Scott Hardie | July 1, 2002
Everybody else is weighing in on the Pledge of Allegiance flap, so I thought I'd put in my two cents. I've noticed that virtually all politicians are endorsing "under God" as though their political life depended on it (and it's a shame that it pretty much does, thanks to opportunistic assholes like George Bush Sr.), but every op-ed column I've read about it has defended Alfred Goodwin's decision. I really want to read an op-ed column that endorses "under God" and argues for it logically, because I myself can't think of a logical argument as to why it should be in the Pledge, and why the Pledge should be mandatory.

You know, honestly, I don't mind it. The Pledge is only one sentence, and those are only two words in it, and it's just about the only civics that kids get until late in high school. I only have a problem with it being mandatory. You cannot force a child, let alone any person, to swear their allegiance to the country. Do we live under democracy or fascism? Making them acknowledge the existence and dominance of God is just adding insult to injury.

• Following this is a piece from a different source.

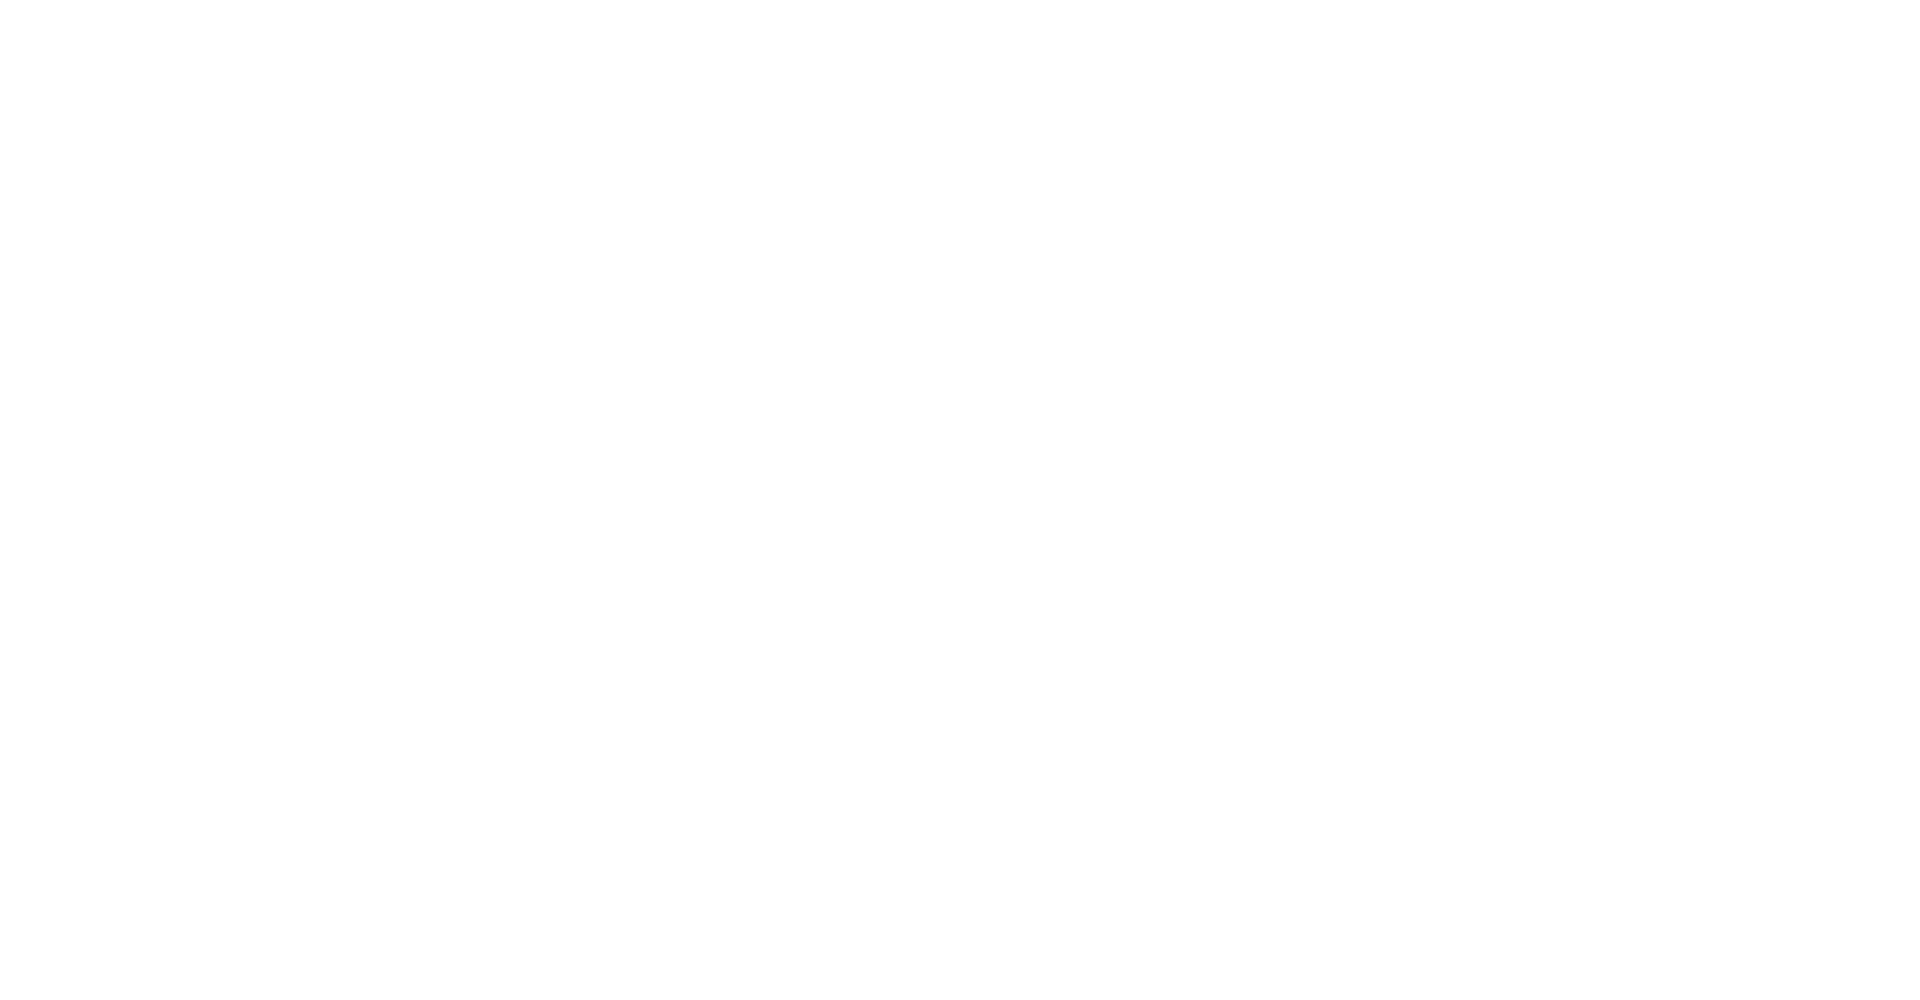 MYFUNDBOX - STRIPE

Personally, I stopped saying it after a while. Inspired by Rebekah Dassion (see old entries), who did not say the Pledge at all, I decided to omit the words "under God" whenever I said it. Our junior high had a PA system and one child was chosen at random every morning to say the Pledge before the whole school. When my turn came up, I said the whole thing, but paused while the school said "under God." They didn't invite me back. I didn't mind then because it was harmless, and I never felt compelled to say it; no one even knew I was omitting God until that one morning. I never saw the teachers force Rebekah to say it, and best of all, I never saw other students give her any flak for it. That's the way it should be. Live and let live.

Does anyone disagree with me about this? Four-fifths of the country supports "under God" in a mandatory Pledge, and some of them have to read this weblog. I want to read a sound argument as to why that should stay in the Pledge and why the Pledge should stay mandatory.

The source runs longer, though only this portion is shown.